WHAT IS REQUIRED:
No pictures belong in the result; set down exactly the lines from the one containing "A vintage handheld" through the final line of the listing, and nothing more.

DATASET EXTRACT:
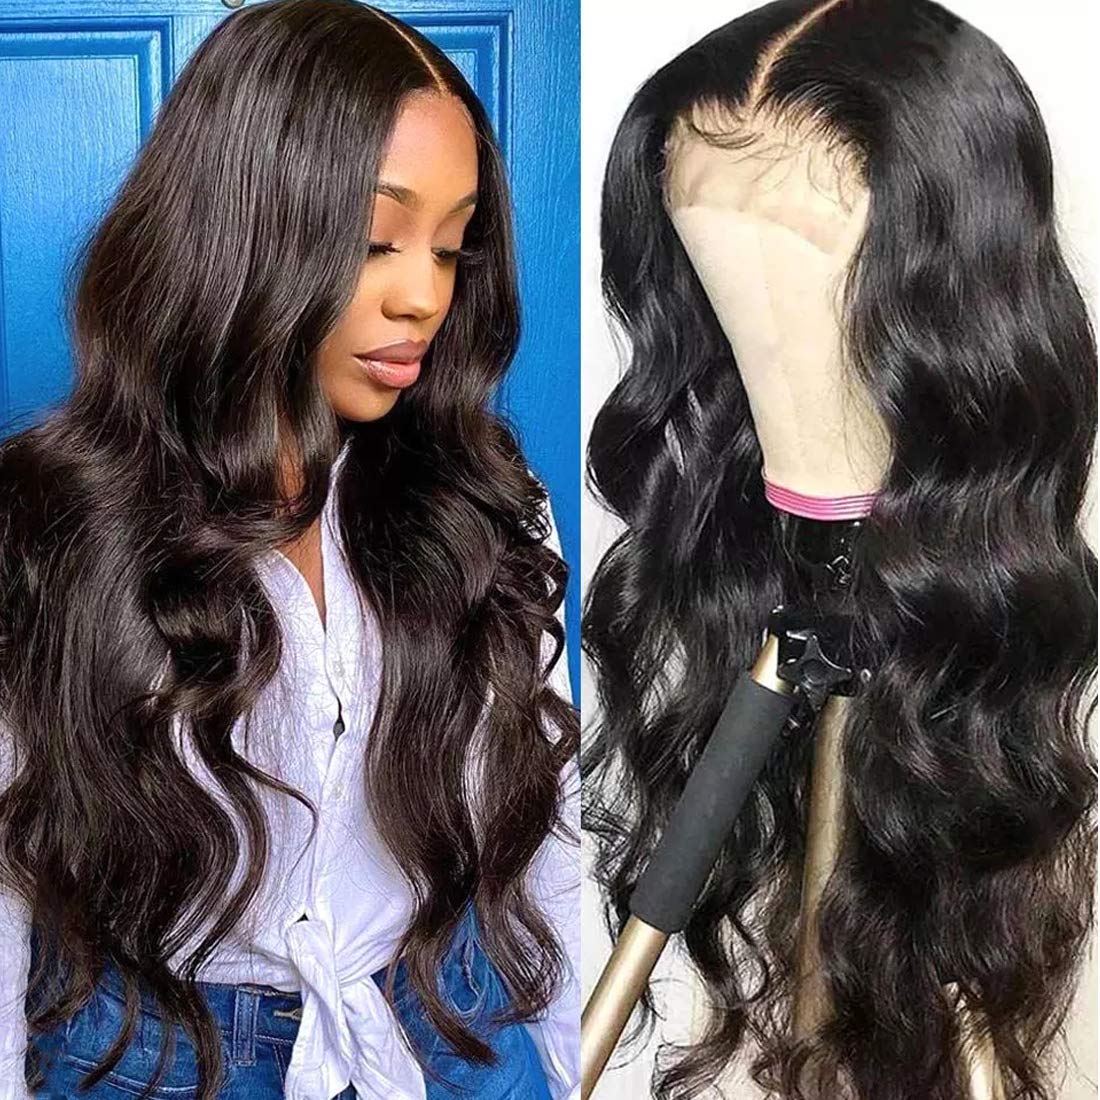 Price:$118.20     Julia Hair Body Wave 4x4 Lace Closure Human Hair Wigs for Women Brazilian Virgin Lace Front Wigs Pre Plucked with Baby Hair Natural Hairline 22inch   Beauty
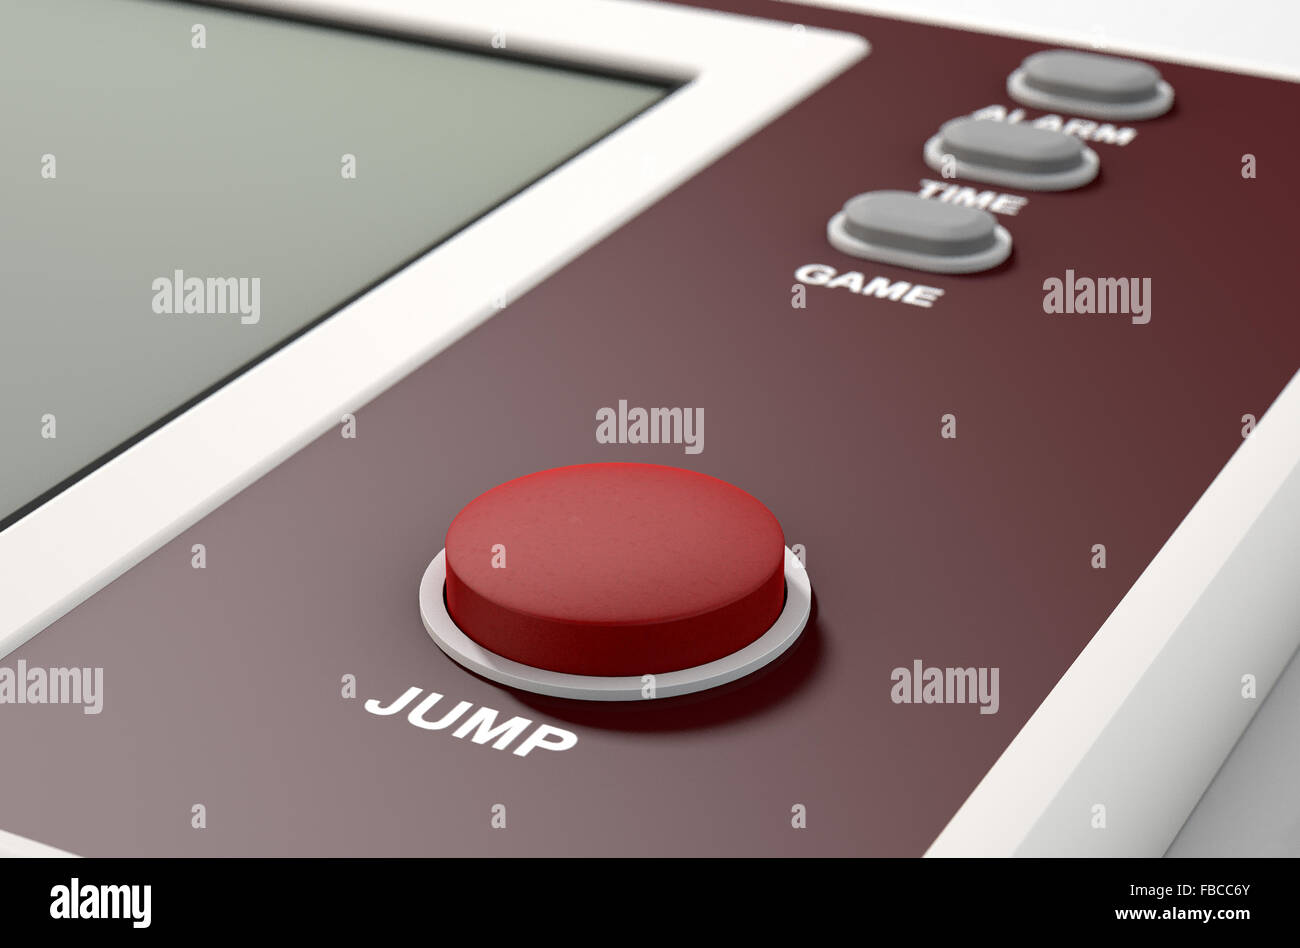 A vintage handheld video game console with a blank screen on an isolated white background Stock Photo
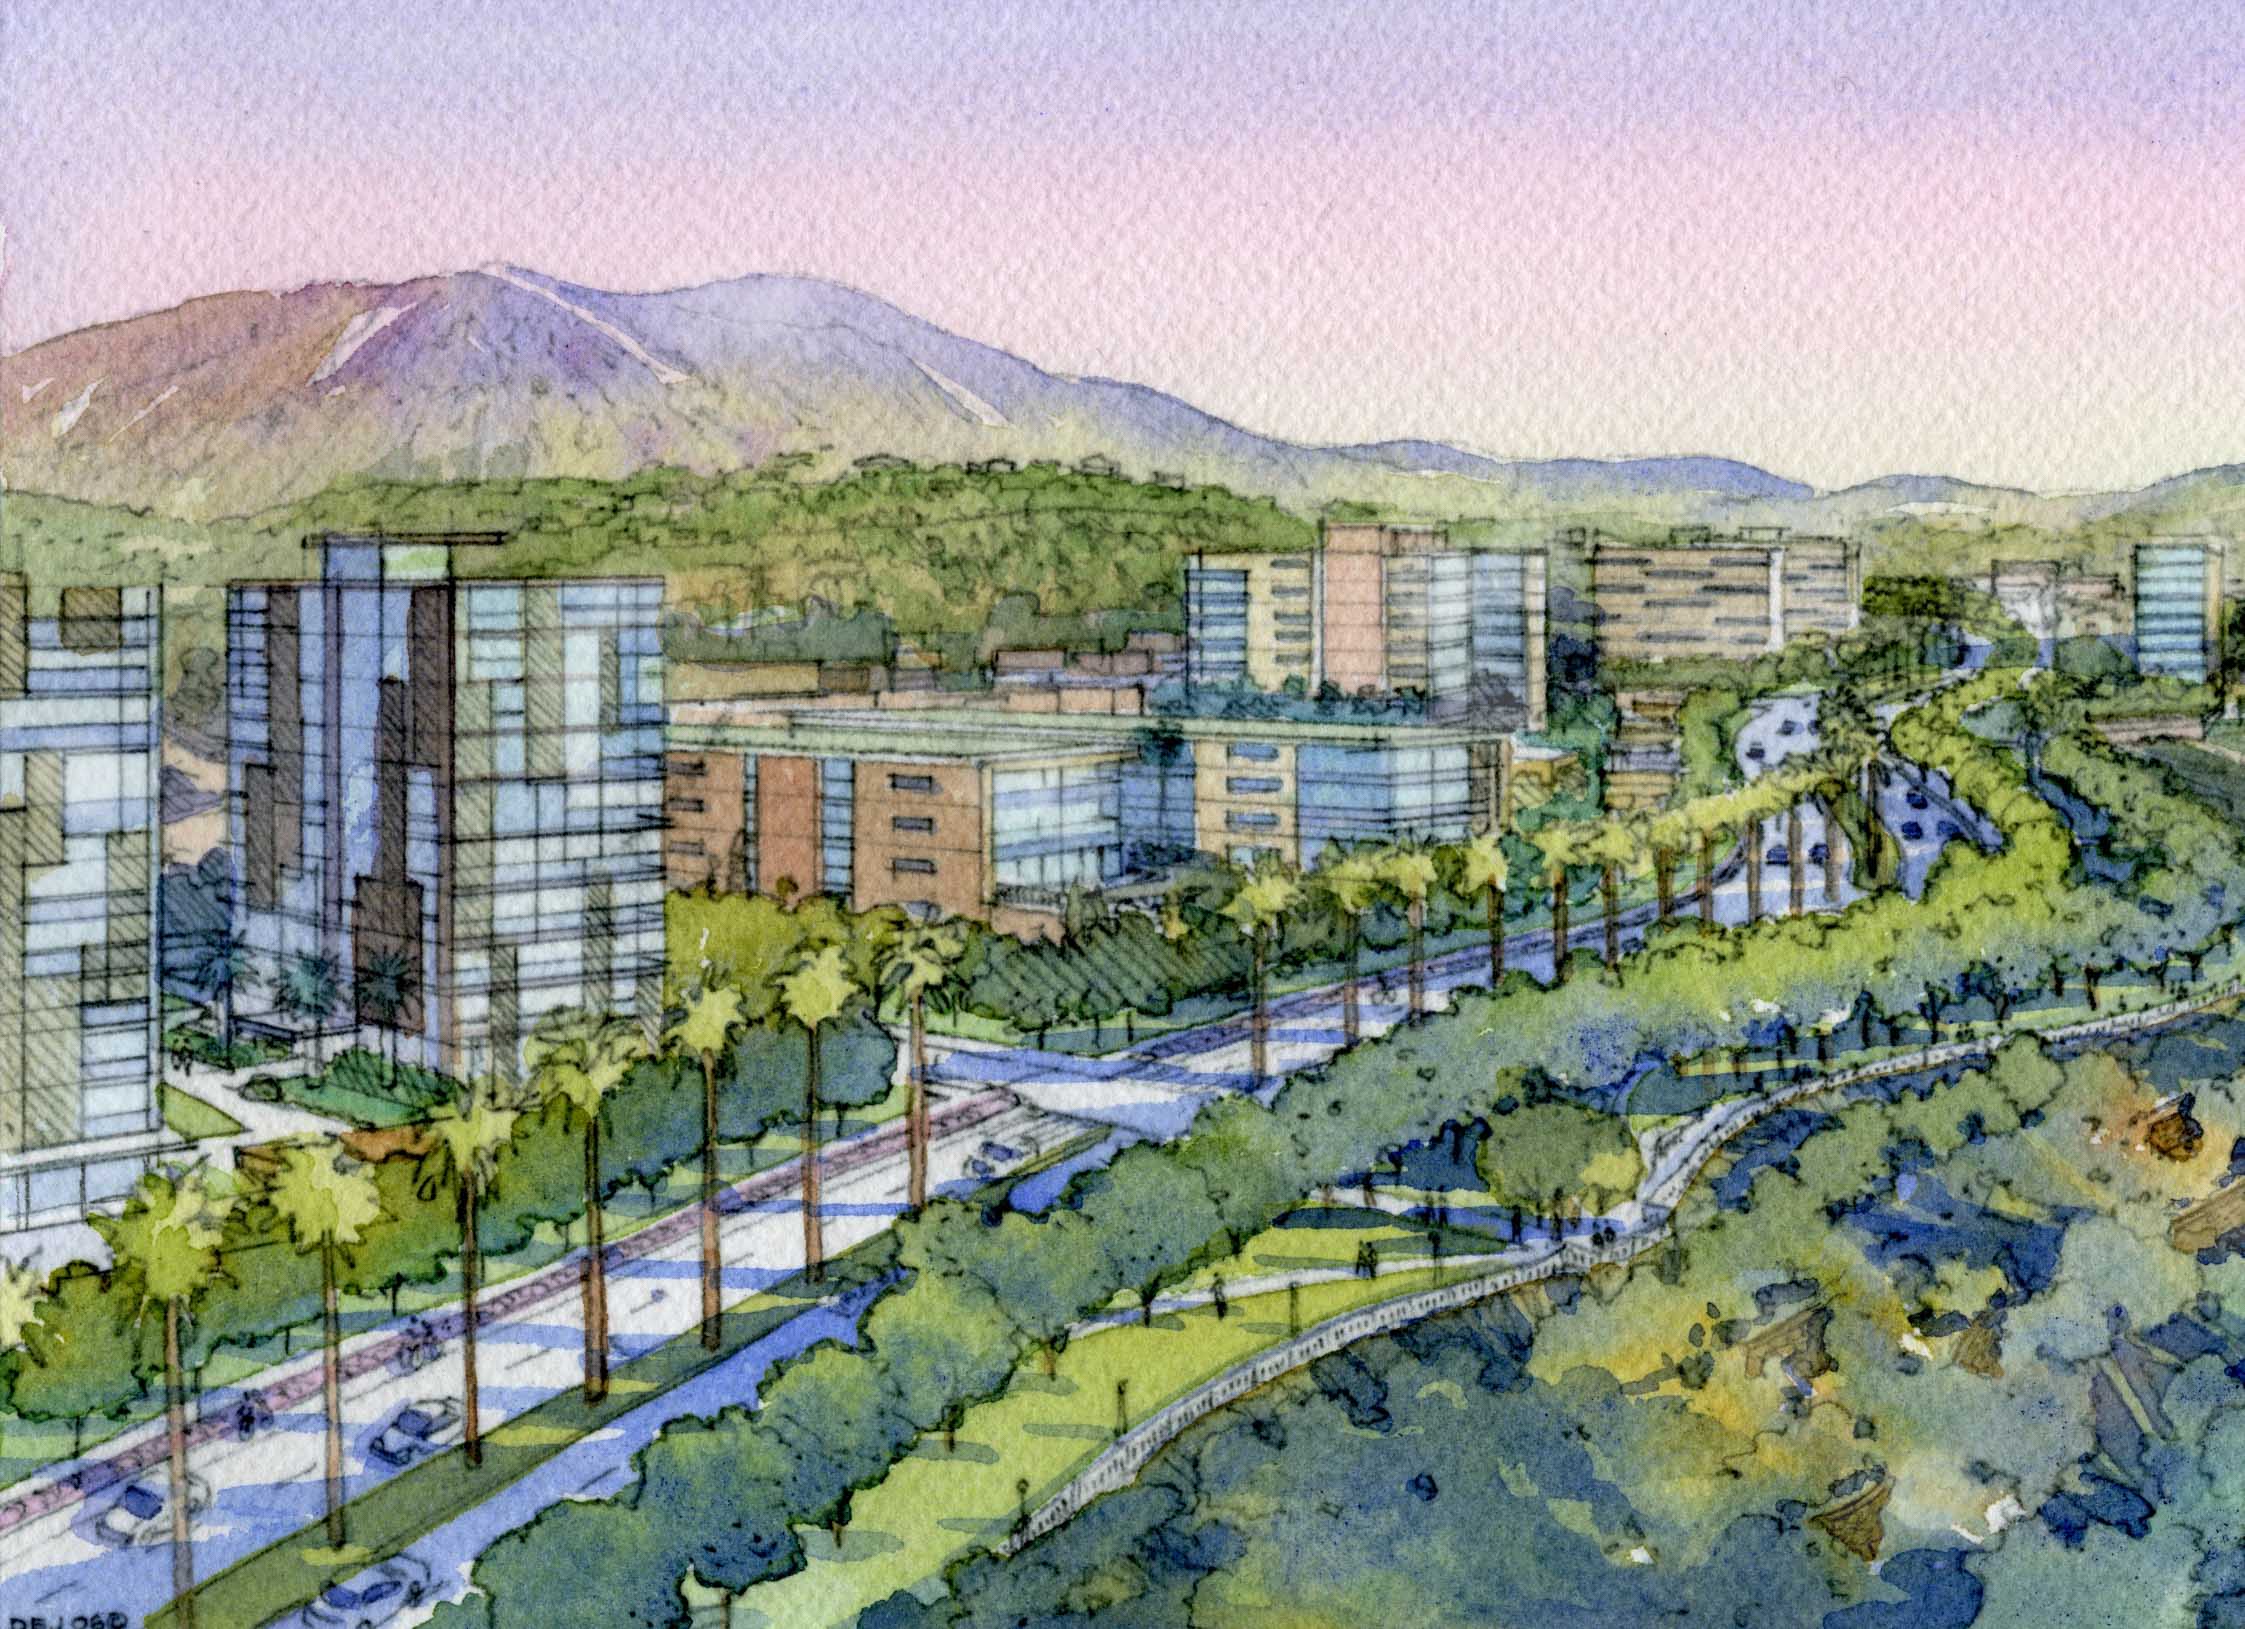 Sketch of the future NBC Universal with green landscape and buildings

ANSWER TO THE PROBLEM:
 A vintage handheld video game console with a blank screen on an isolated white background Stock Photo
 Sketch of the future NBC Universal with green landscape and buildings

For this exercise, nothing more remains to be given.